# [Directions]
Starting with the line that holds "Environmental Portrait of" and stopping after the line that holds "cast my ...", repeat the lines below word for word, without the pictures.

# [Given records]

□ □ □ □ □ □ □

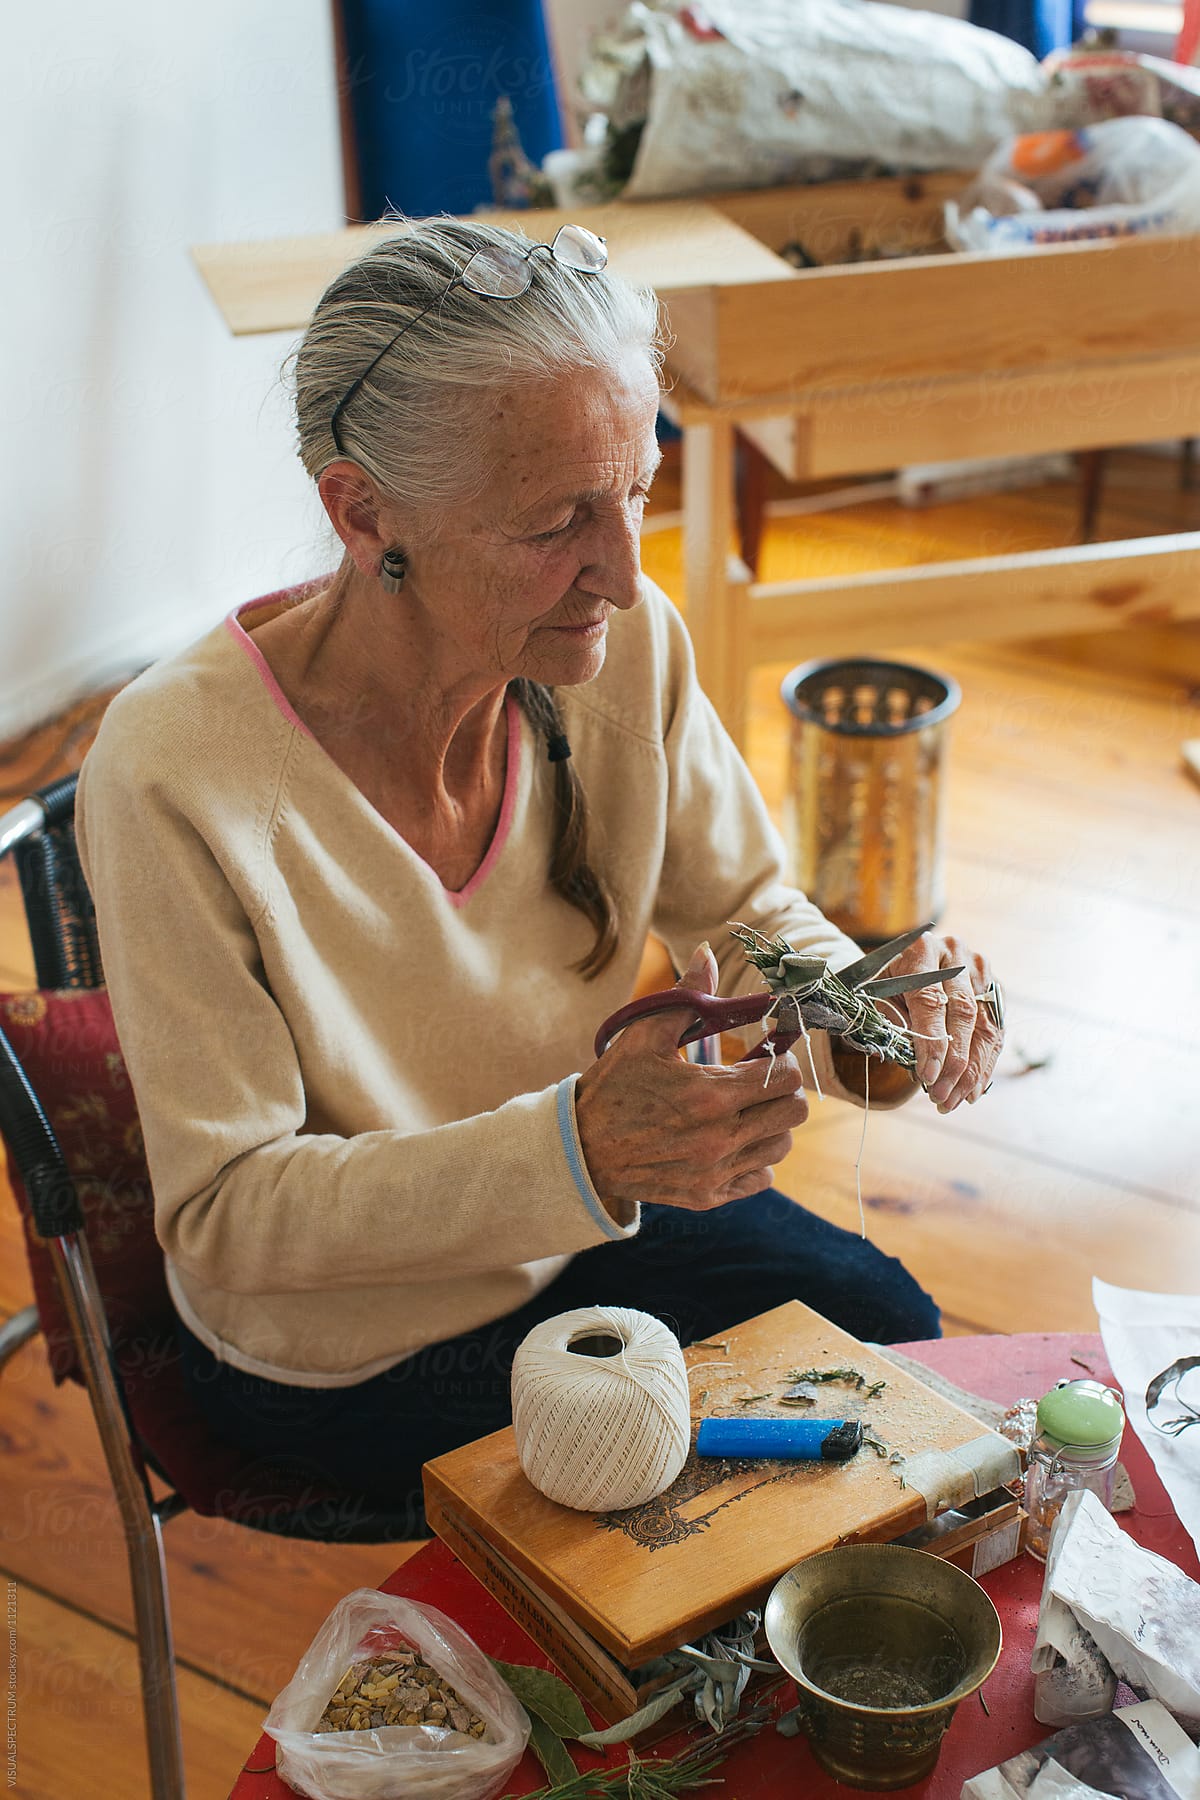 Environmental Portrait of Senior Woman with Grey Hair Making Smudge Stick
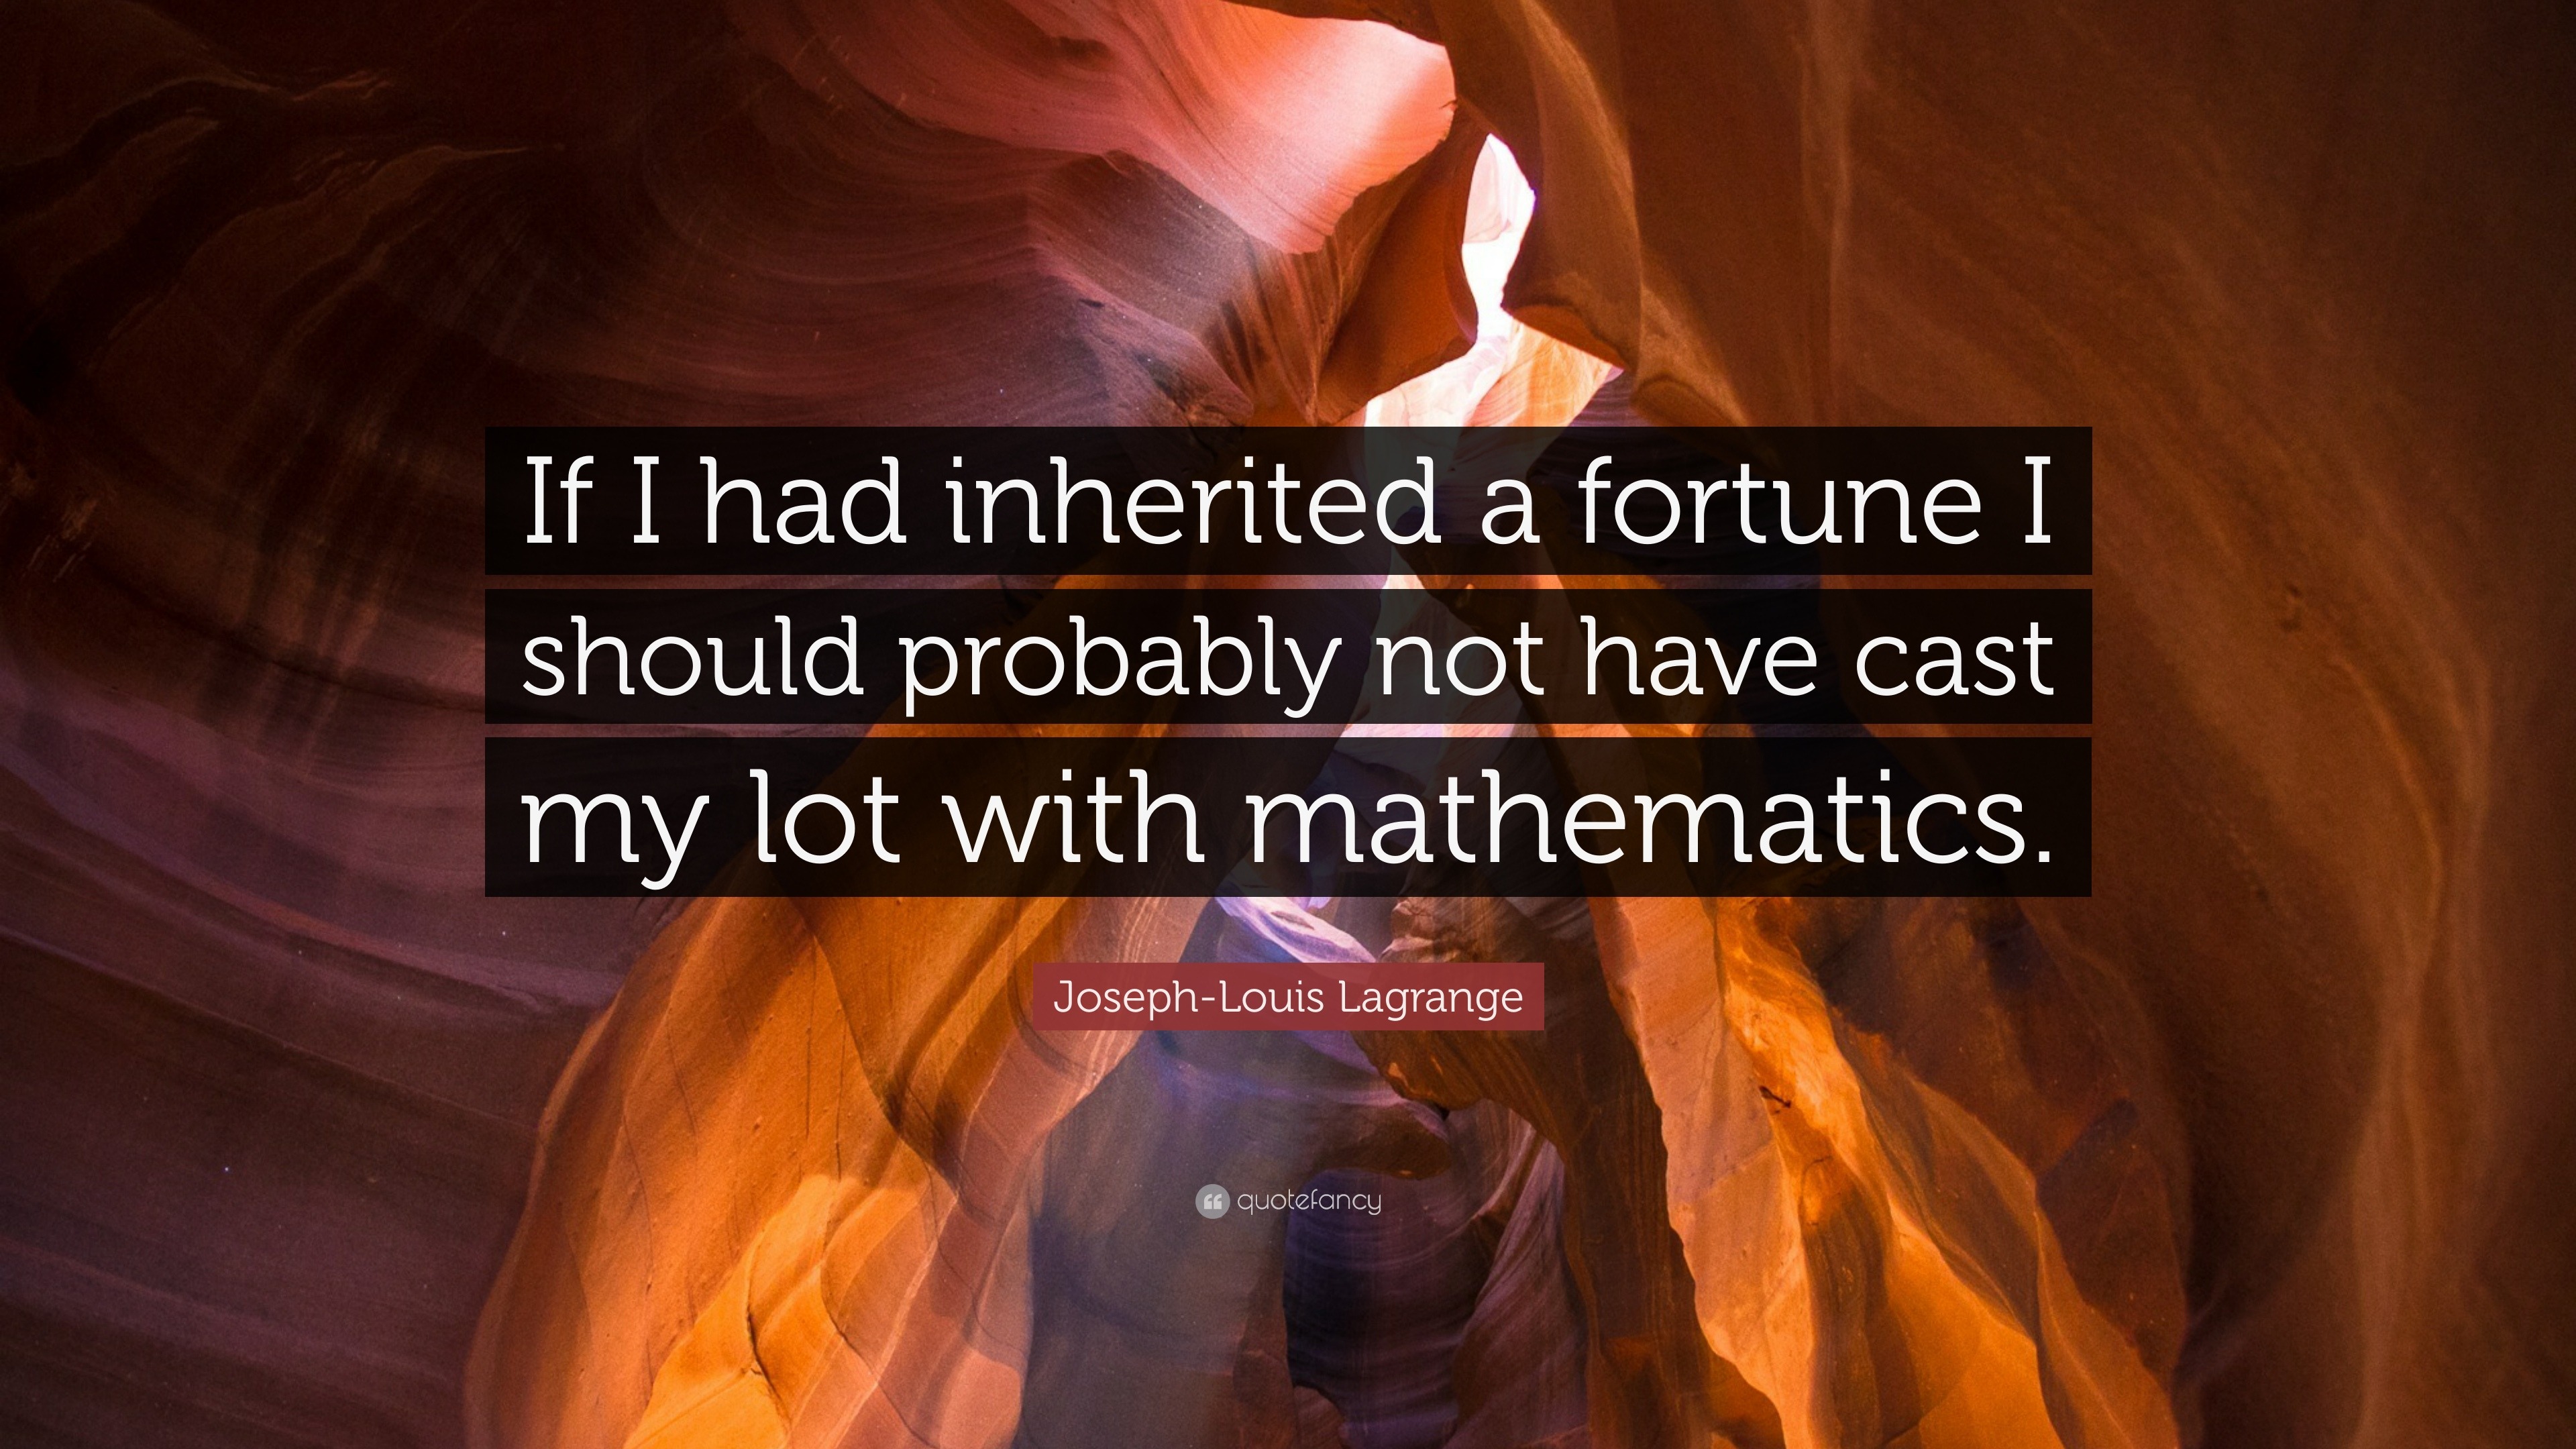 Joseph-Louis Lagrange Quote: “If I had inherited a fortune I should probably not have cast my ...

□ □ □ □ □ □ □

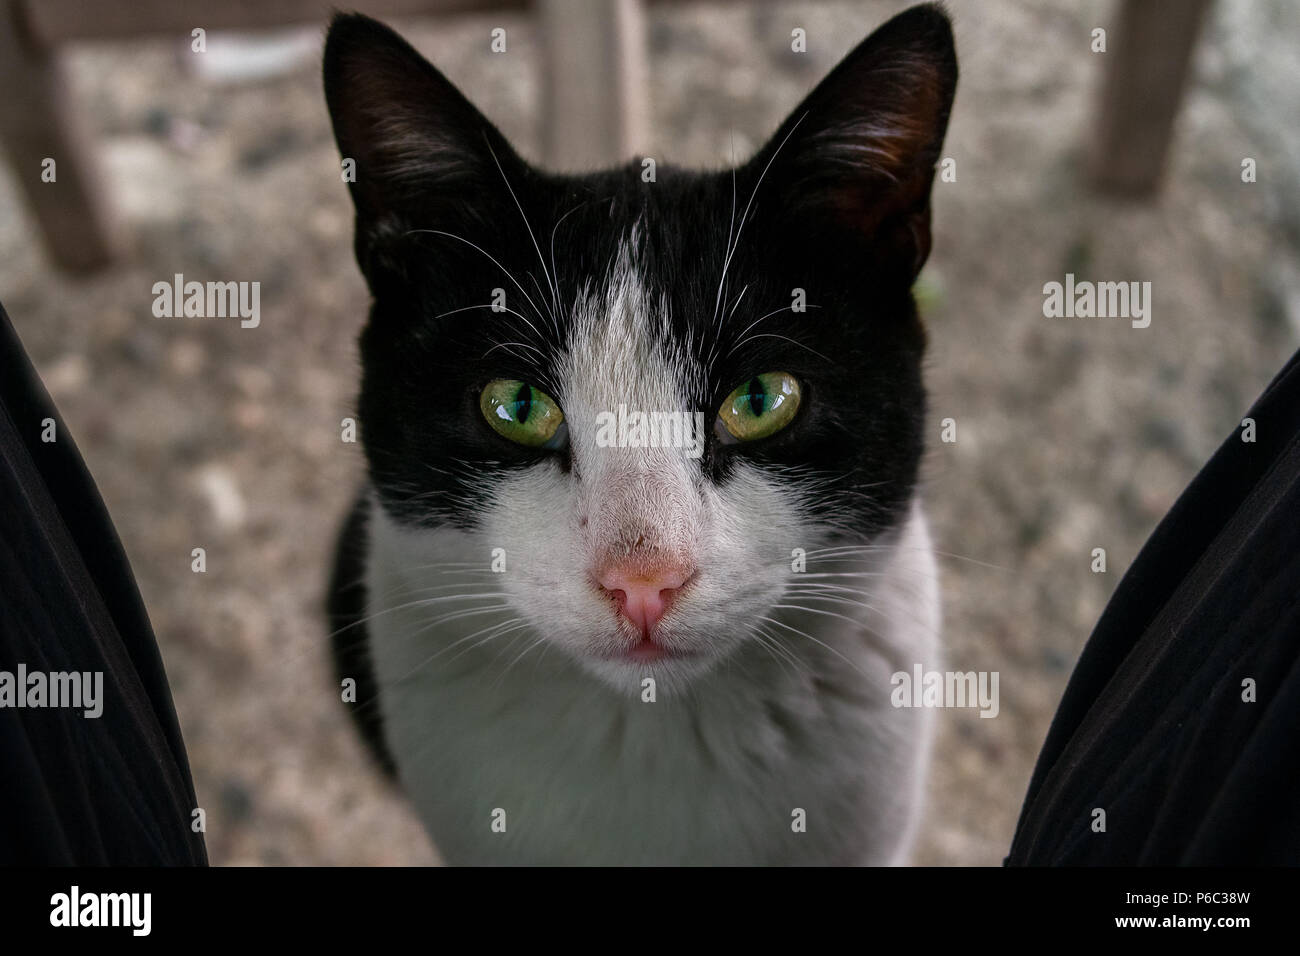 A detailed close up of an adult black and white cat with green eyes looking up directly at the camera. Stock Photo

□ □ □ □ □ □ □

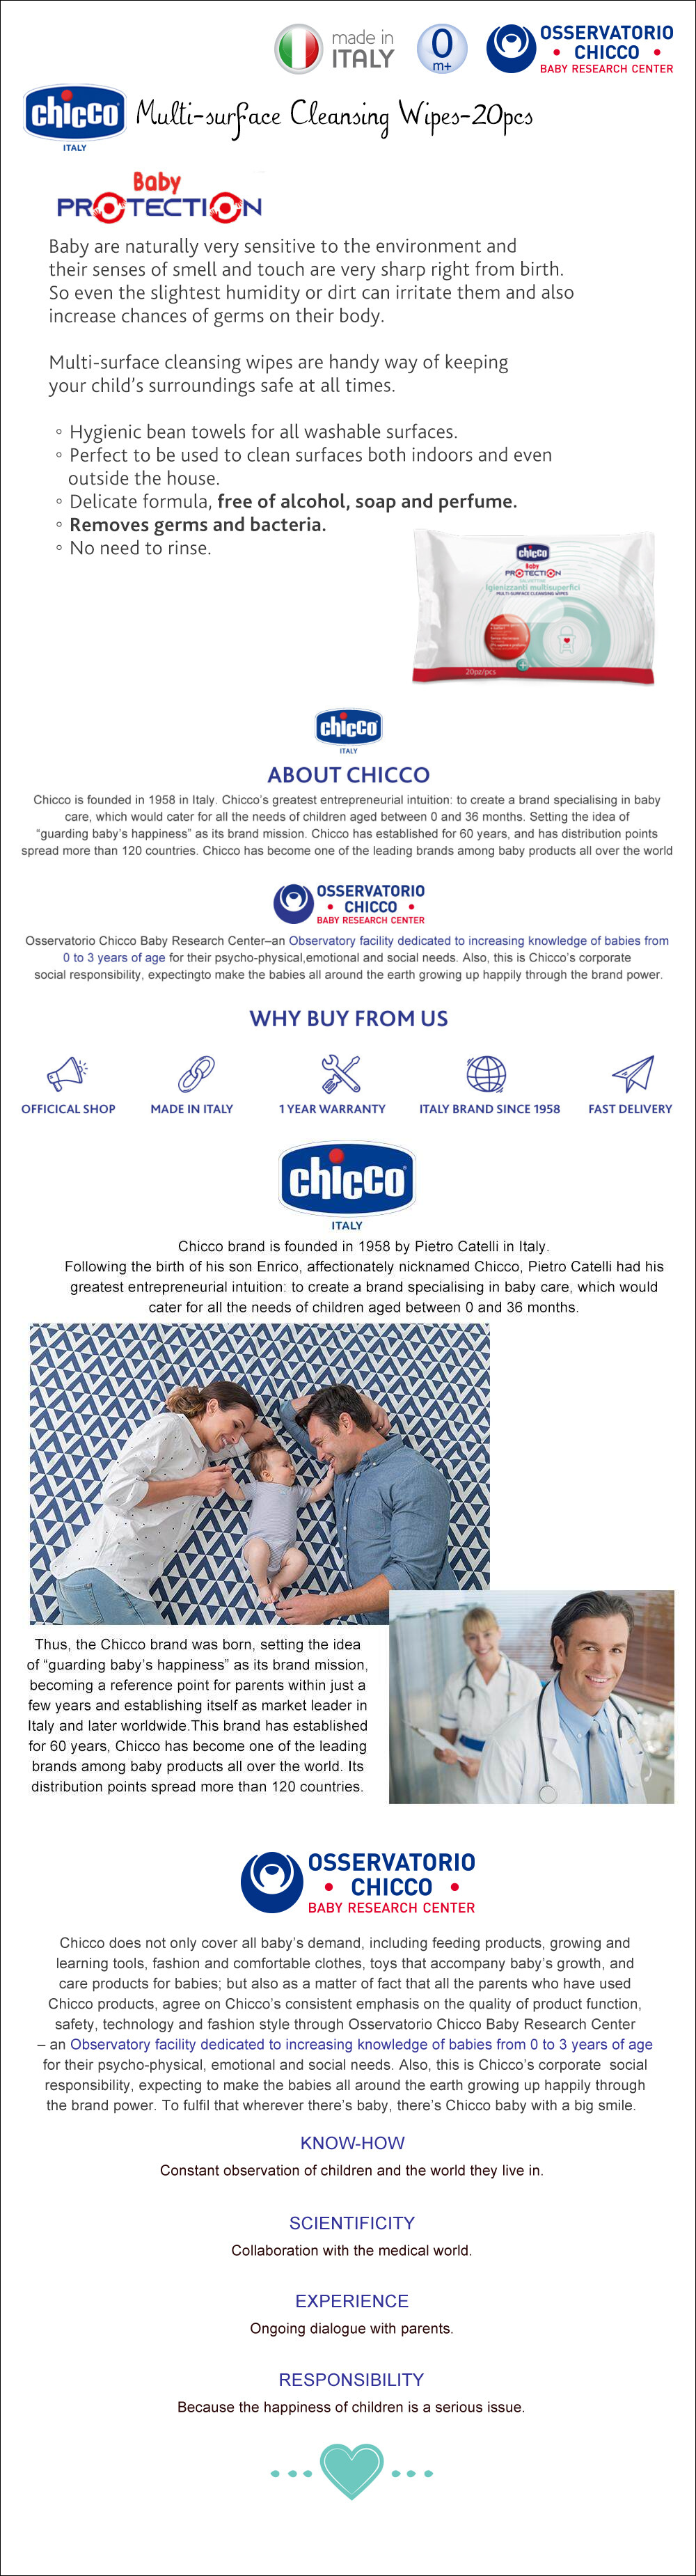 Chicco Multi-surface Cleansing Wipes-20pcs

□ □ □ □ □ □ □

# [Response box]
 Environmental Portrait of Senior Woman with Grey Hair Making Smudge Stick
 Joseph-Louis Lagrange Quote: “If I had inherited a fortune I should probably not have cast my ...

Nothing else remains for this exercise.